Move the binary to /usr/local/bin/ directory and make it executable.

mv ./kubectl /usr/local/bin/chmod +x /usr/local/bin/kubectl

Make sure /usr/local/bin/ is in your $PATH.

Windows:

For Windows, download the binary from this link and install it like any other normal Windows application.

Verify the Kubectl Configuration

After successful installation run the following command to confirm that Kubectl has been configured properly and check the cluster state.

$ kubectl cluster-infoKubernetes master is running at https://192.168.99.100:8443
To further debug and diagnose cluster problems, use ‘kubectl cluster-info dump’.
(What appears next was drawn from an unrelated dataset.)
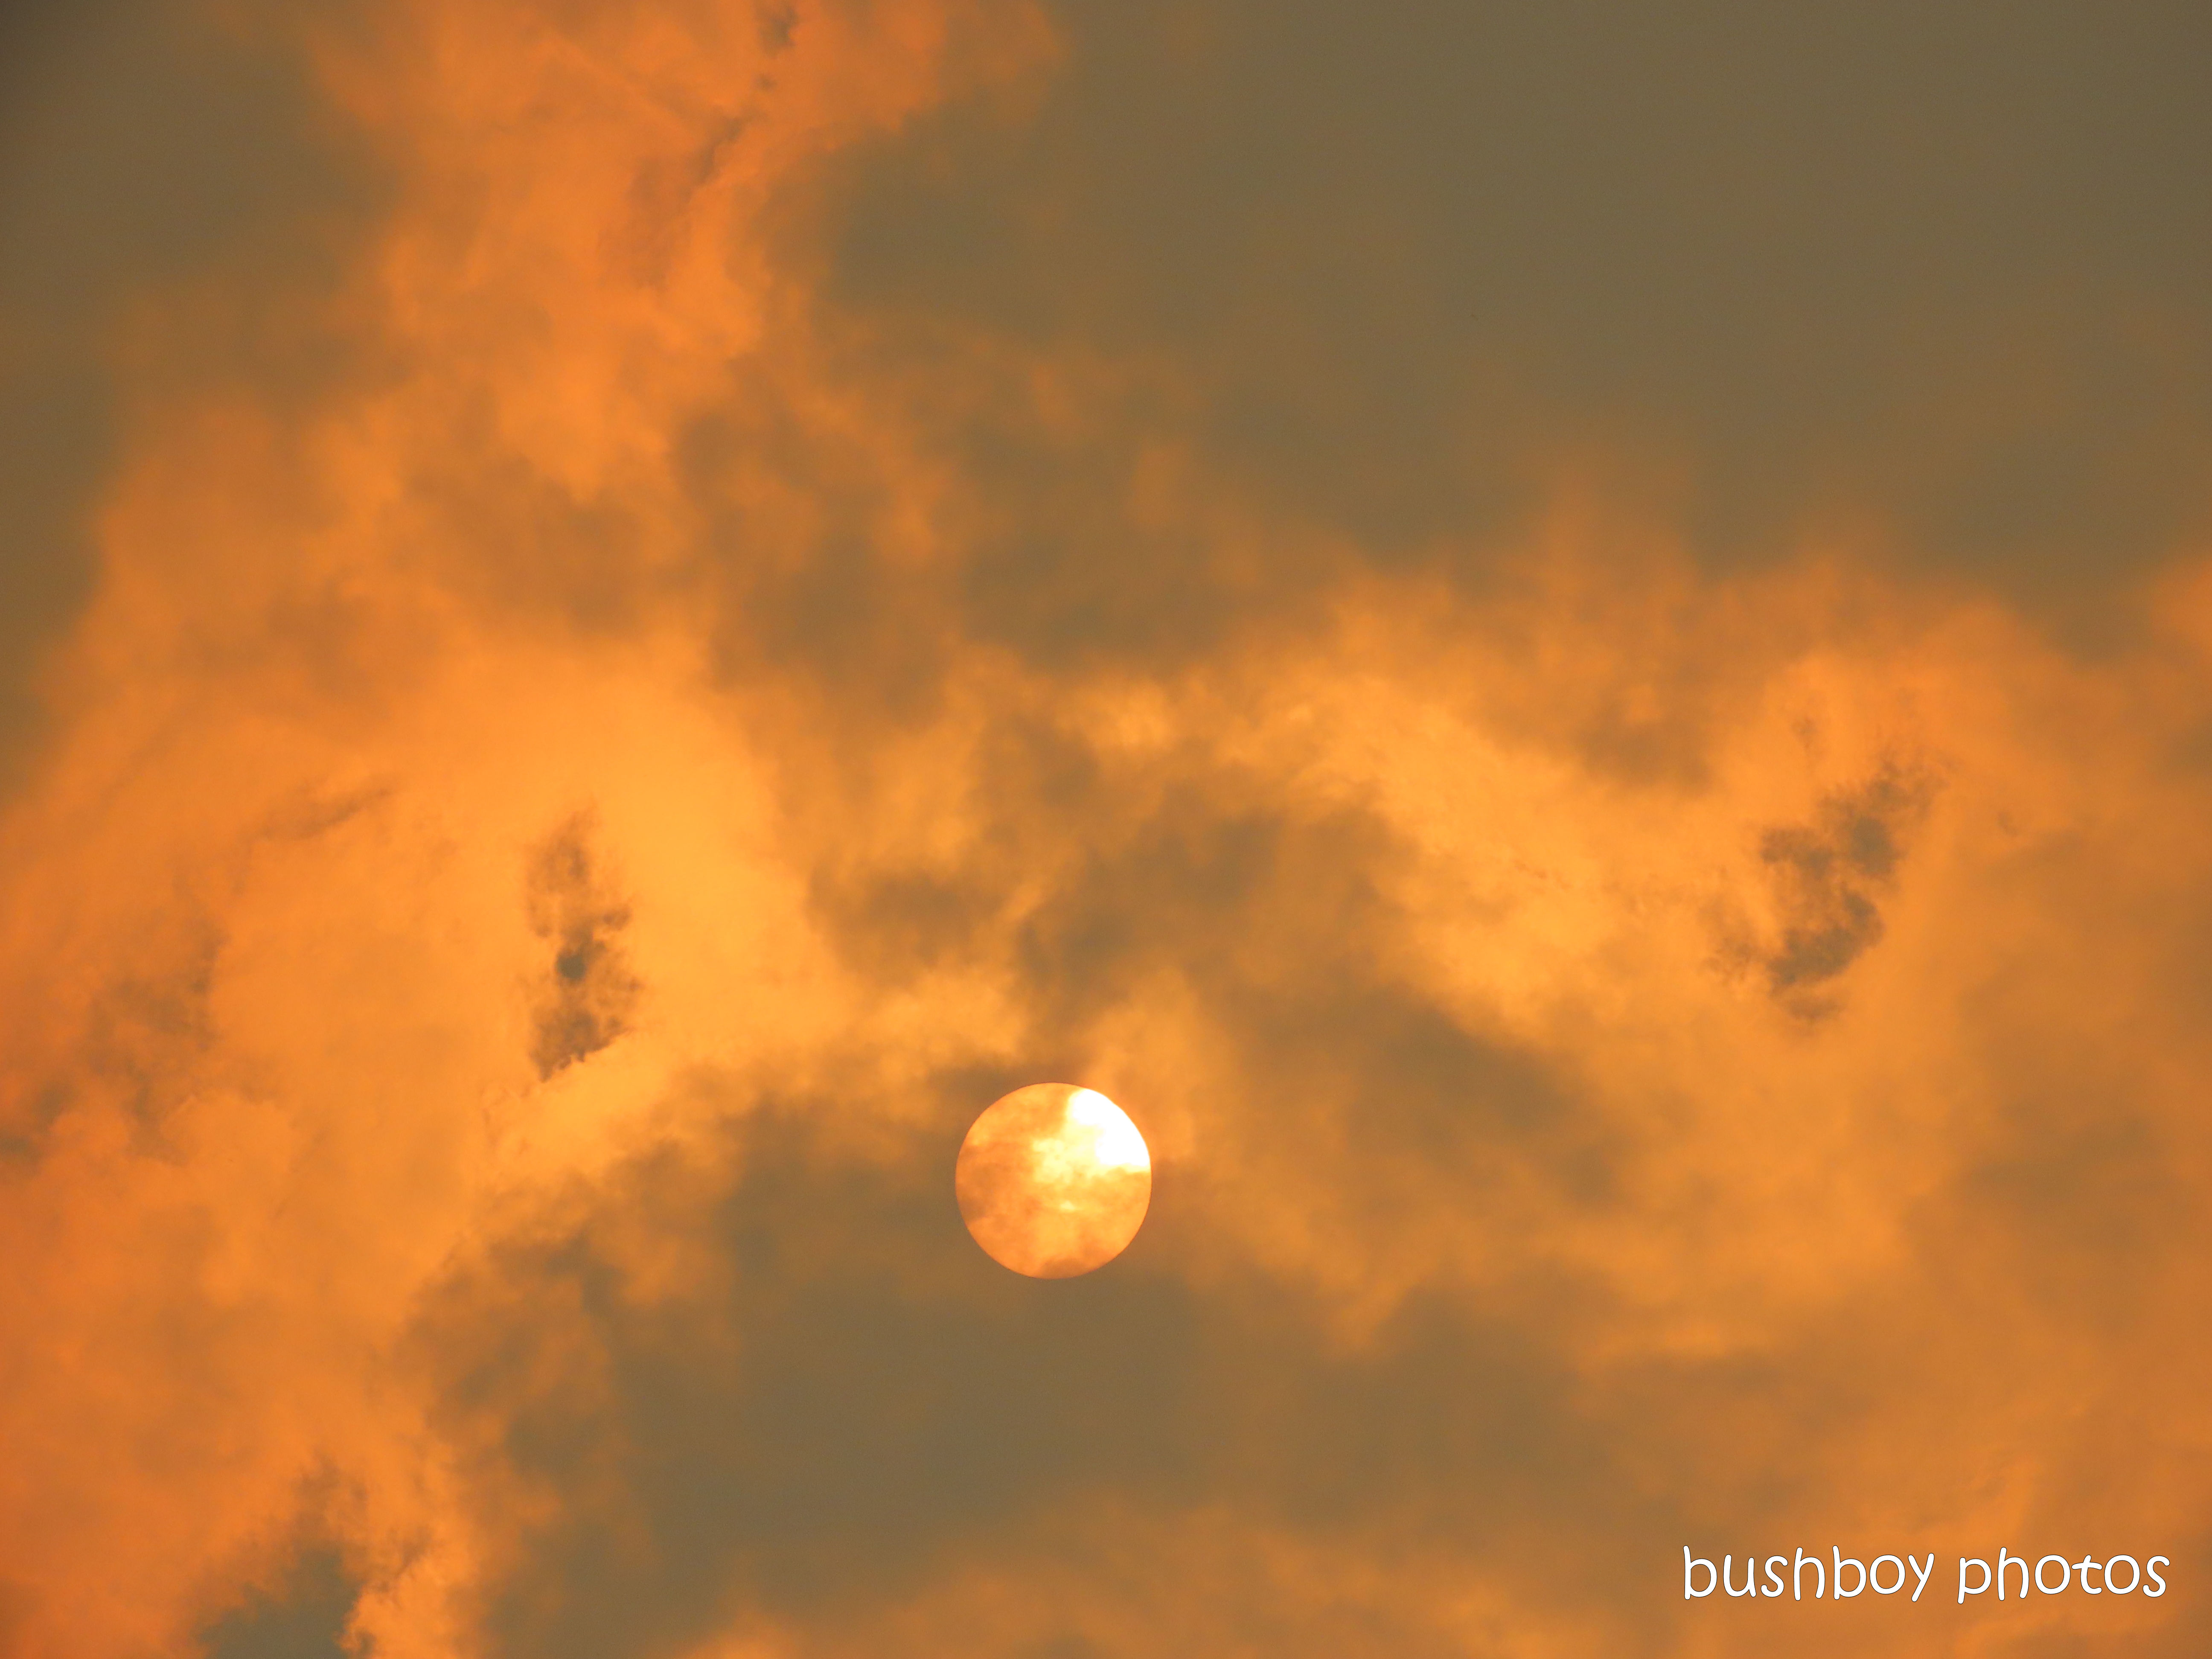 sun1_clouds_smoke_fire_named_home_jackadgery_oct 2019
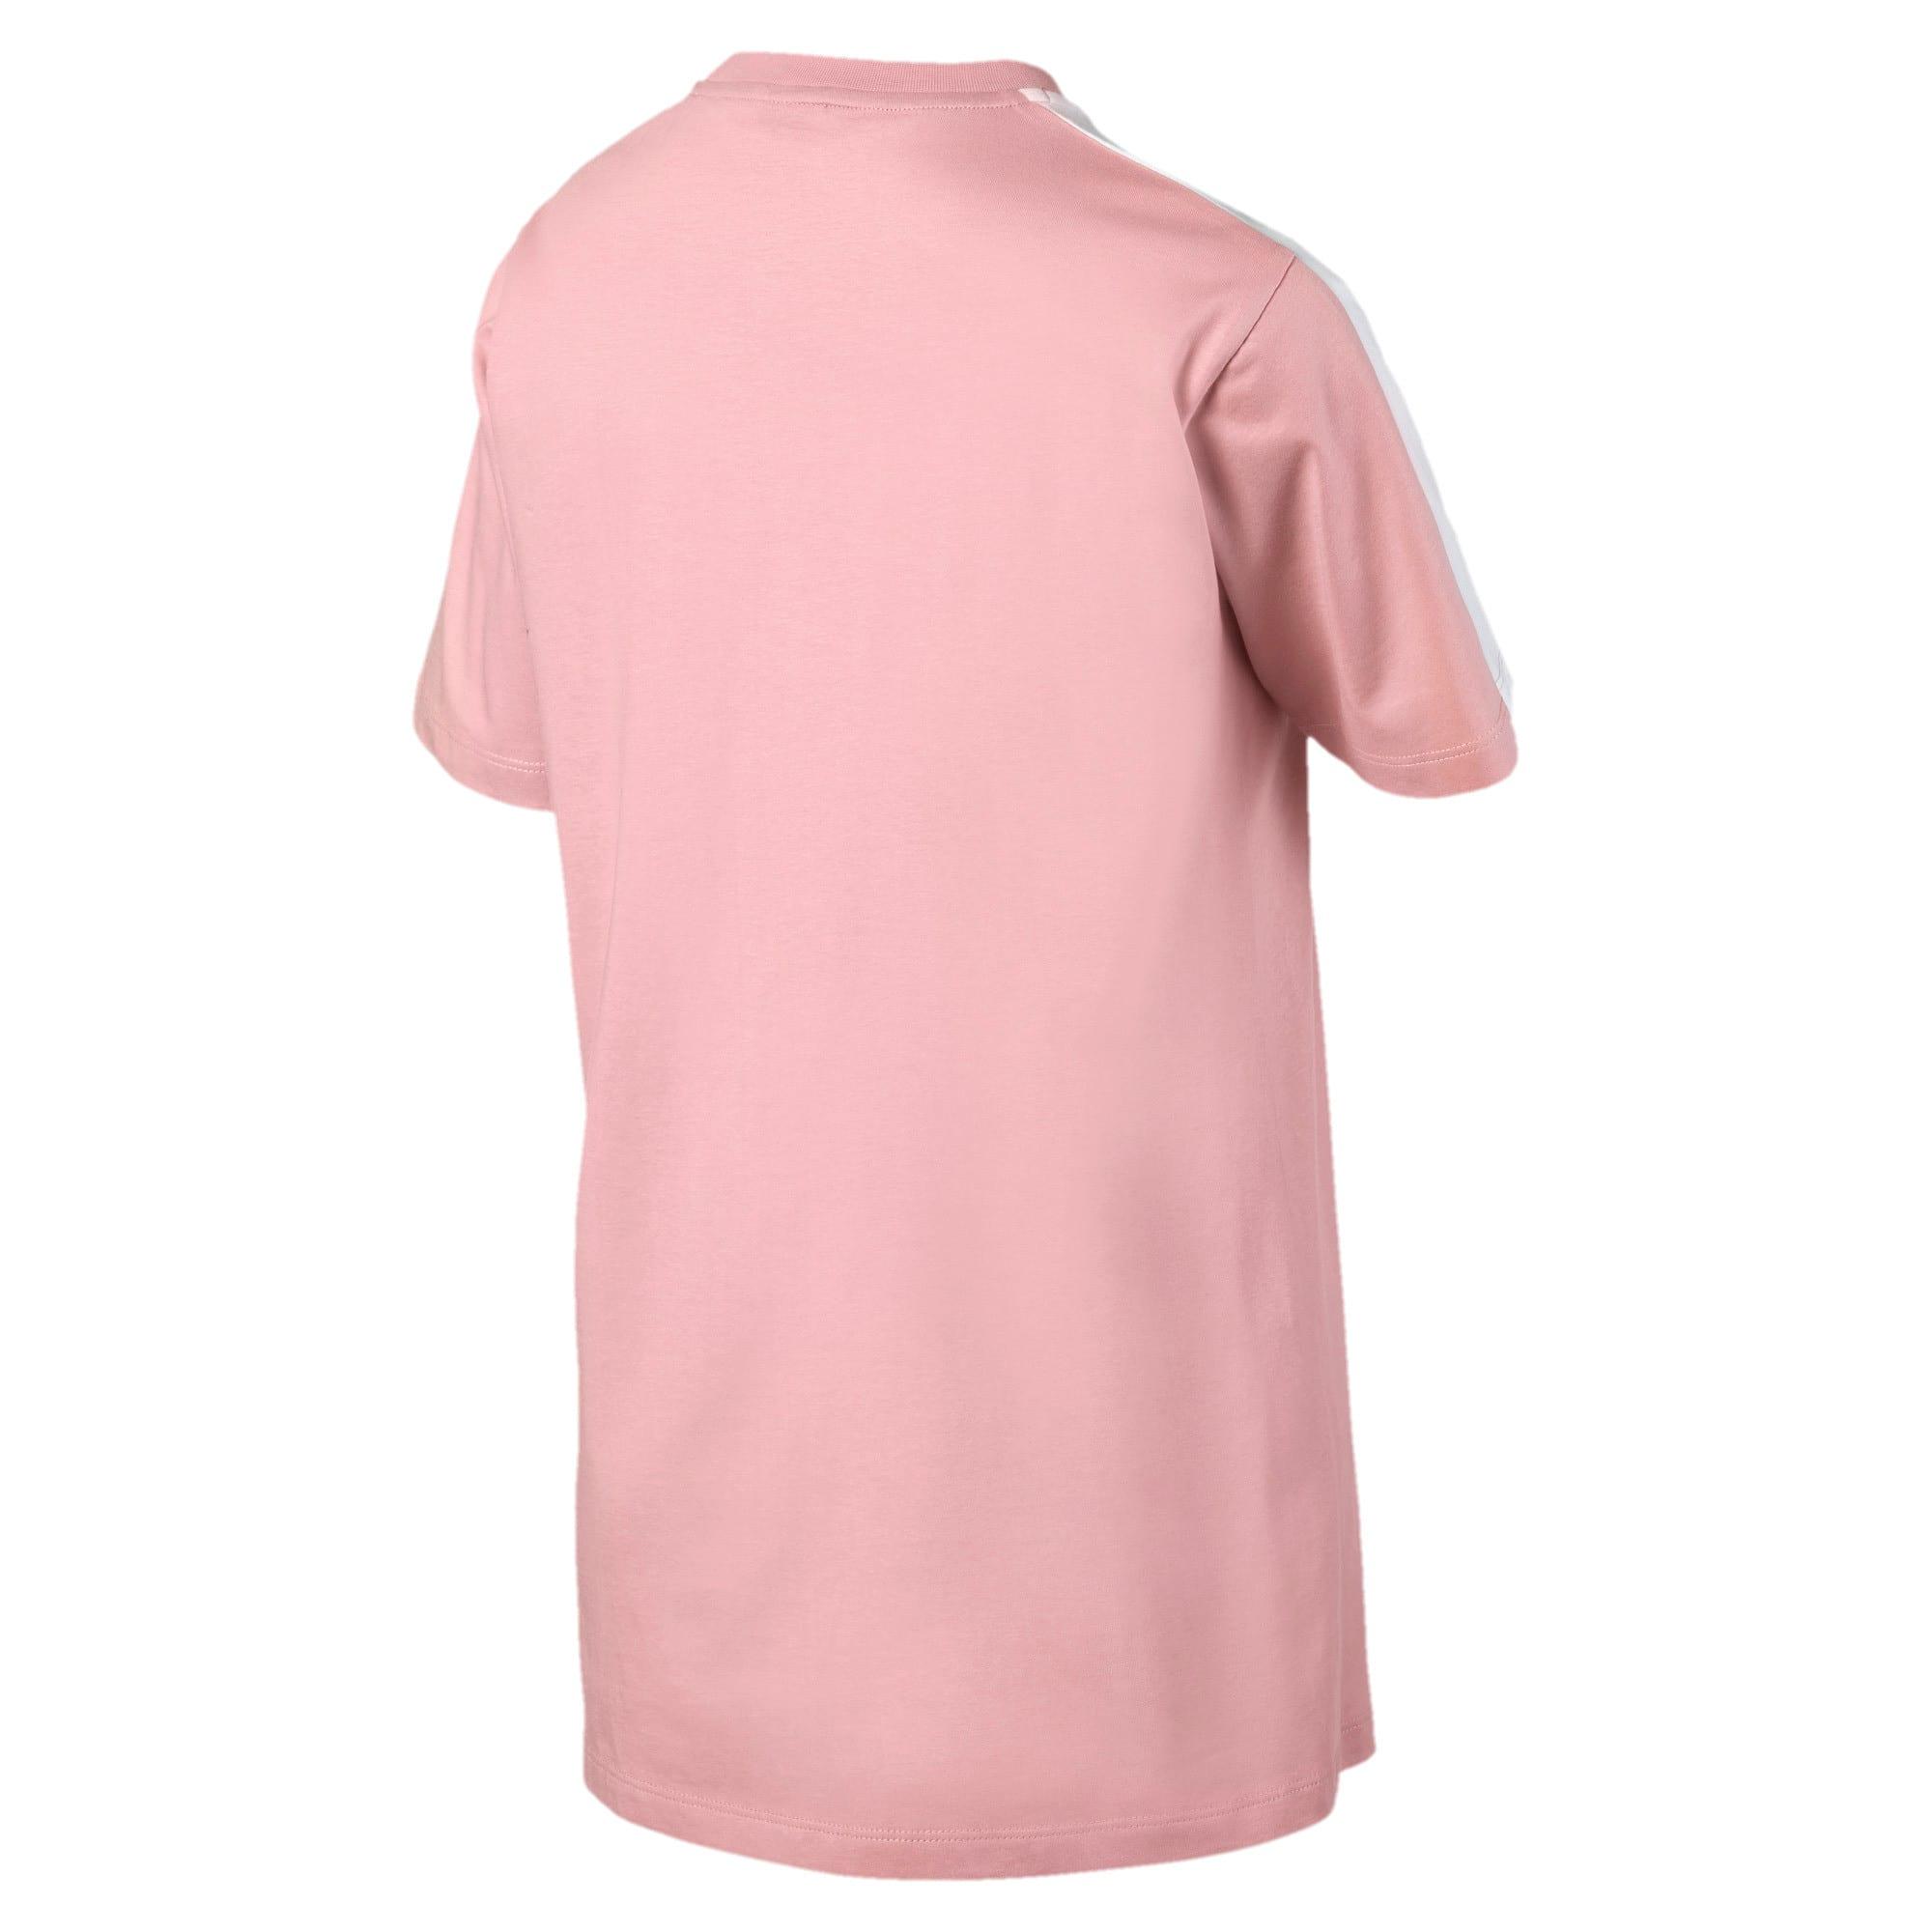 Miniatura 5 de Camiseta Classics T7 para mujer, Bridal Rose, mediano

If you get a URL response as an output, then congratulations kubectl is configured correctly and ready to use with your cluster. If you get an error from above command you can dump your cluster configuration for further troubleshooting using the following command:

$ kubectl cluster-info dump

To get less content, pipe to head to filter:

$ kubectl cluster-info dump |head
{
 “selfLink”: “/api/v1/nodes”,
 “resourceVersion”: “29495”,
 “Items”: [
 {
 “name”: “minikube”,
 “selfLink”: “/api/v1/nodes/minikube”,
 “uid”: “86b7bd31-e550–11e7–8389–080027320547”,
 “resourceVersion”: “29493”,
 “creationTimestamp”: “2017–12–20T06:39:27Z”,

Now, as we have installed Kubectl, configured it properly now it’s time to enable shell autocompletion for Kubectl commands.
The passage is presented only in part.